Personal data bill will boost digital economy, says Nasscom

Source: Hindu

Syllabus: Government policies and interventions

Context

Ensuring comprehensive data protection is paramount for accelerating India’s digital economy and the Digital Personal Data Protection Bill strikes a harmonious balance between flexibility and data privacy measures, industry apex body.

The Digital Personal Data Protection Bill (DPDP Bill)

It is a proposed law in India that would regulate the processing of personal data by both government and private entities. The bill was introduced in the Lok Sabha (lower house of Parliament) on August 3, 2023.

The DPDP Bill sets out a number of rights for individuals, including the right to:

  • Know what personal data is being collected about them and how it is being used
  • Rectify or delete inaccurate or outdated personal data
  • Object to the processing of their personal data for certain purposes
  • Port their personal data to another data fiduciary

The bill also sets out a number of obligations for data fiduciaries, including the obligation to:

  • Obtain consent from individuals before collecting or processing their personal data
  • Use personal data only for the purposes for which it was collected
  • Keep personal data secure
  • Delete personal data when it is no longer needed

The DPDP Bill has been met with mixed reactions.

Some have welcomed the bill as a necessary step to protect the privacy of individuals in India. Others have raised concerns about the bill’s potential impact on businesses and the digital economy.

The bill is still under consideration by Parliament, and it is not yet clear when it will be passed into law. However, the DPDP Bill is an important step in the development of data protection law in India.

Here are some of the key features of the DPDP Bill:

  • The bill applies to the processing of digital personal data within India, as well as the processing of digital personal data outside India if it is for offering goods or services to individuals in India.
  • The bill defines personal data as any information that can be used to identify an individual, such as their name, address, phone number, email address, or biometric data.
  • The bill requires data fiduciaries to obtain consent from individuals before collecting or processing their personal data.
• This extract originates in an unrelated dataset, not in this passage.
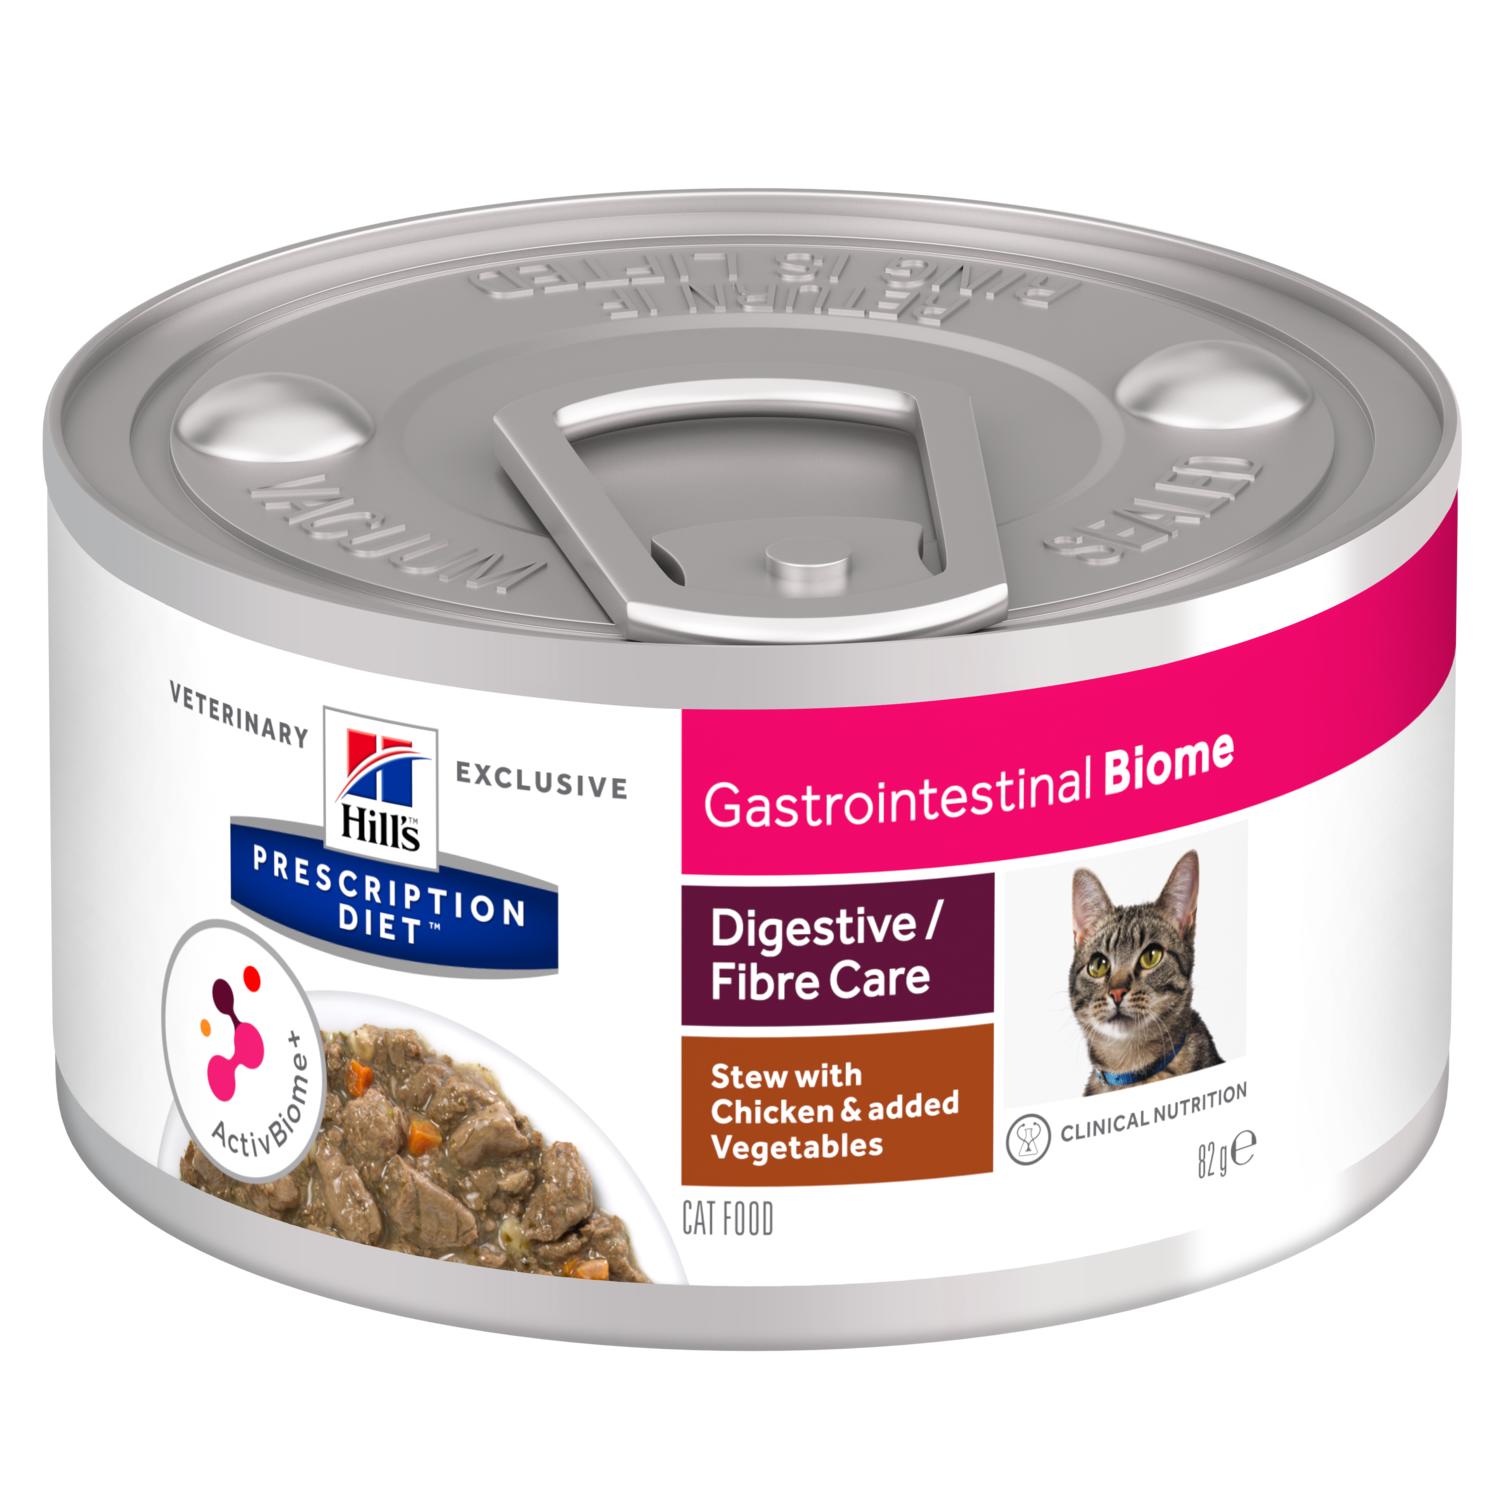 Hill's Prescription Diet Gastrointestinal Biome Chicken & Vegetable Stew Wet Cat Food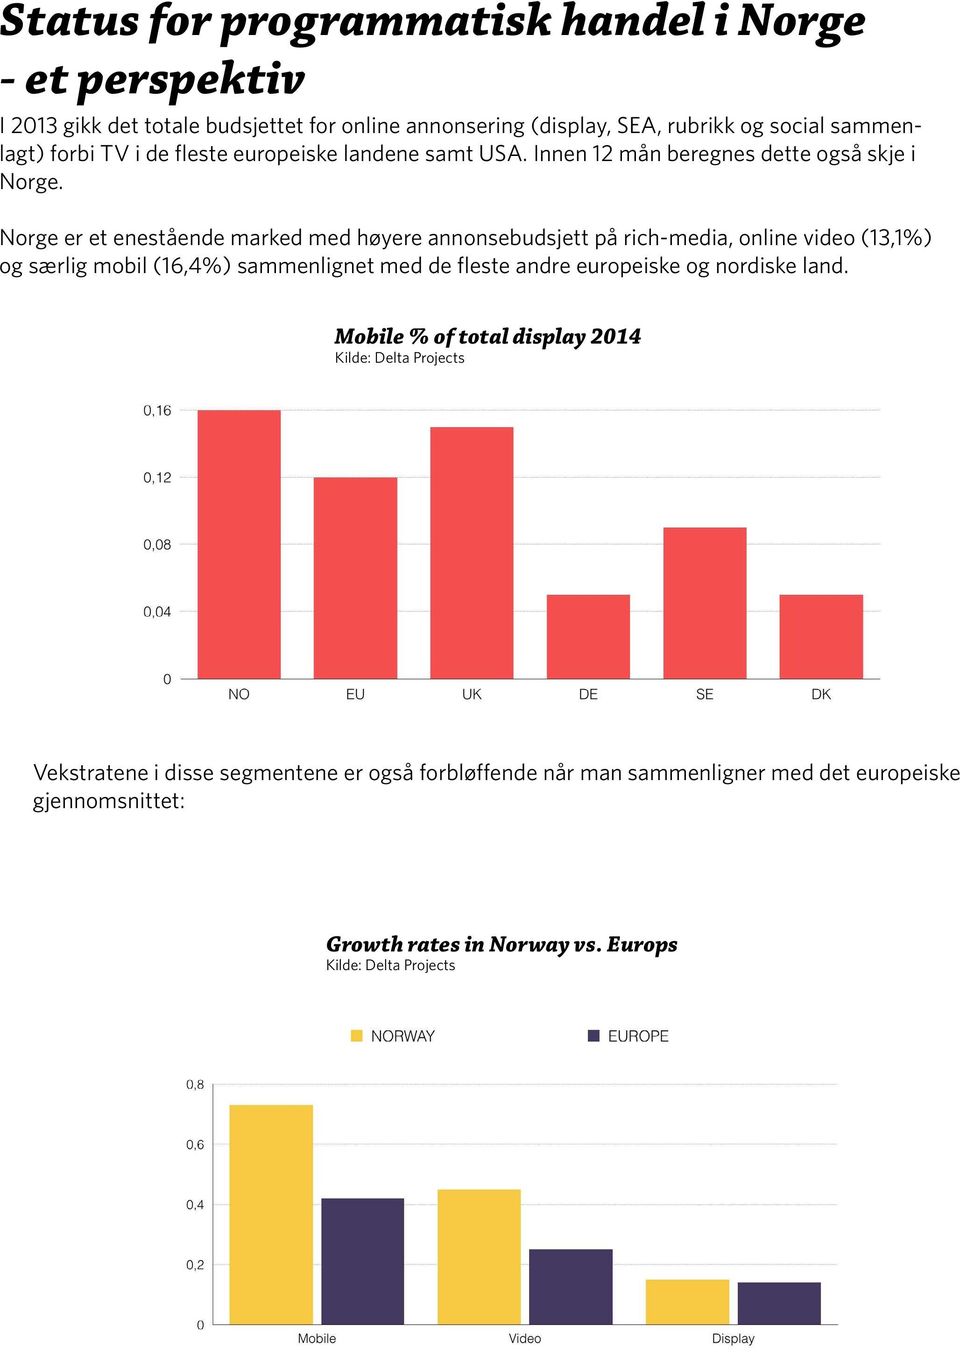 Norge er et enestående marked med høyere annonsebudsjett på rich-media, online video (13,1%) og særlig mobil (16,4%) sammenlignet med de fleste andre

Consent can be express or implied, but it must be freely given, specific, informed, and unambiguous.
  • The bill allows individuals to access their personal data, request that it be corrected or deleted, and object to its processing for certain purposes.
  • The bill requires data fiduciaries to take measures to protect the security of personal data, such as using encryption and access controls.
  • The bill establishes the Data Protection Authority of India (DPAI) as an independent body to oversee the implementation of the bill. The DPAI will have the power to investigate complaints, impose fines, and take other enforcement actions.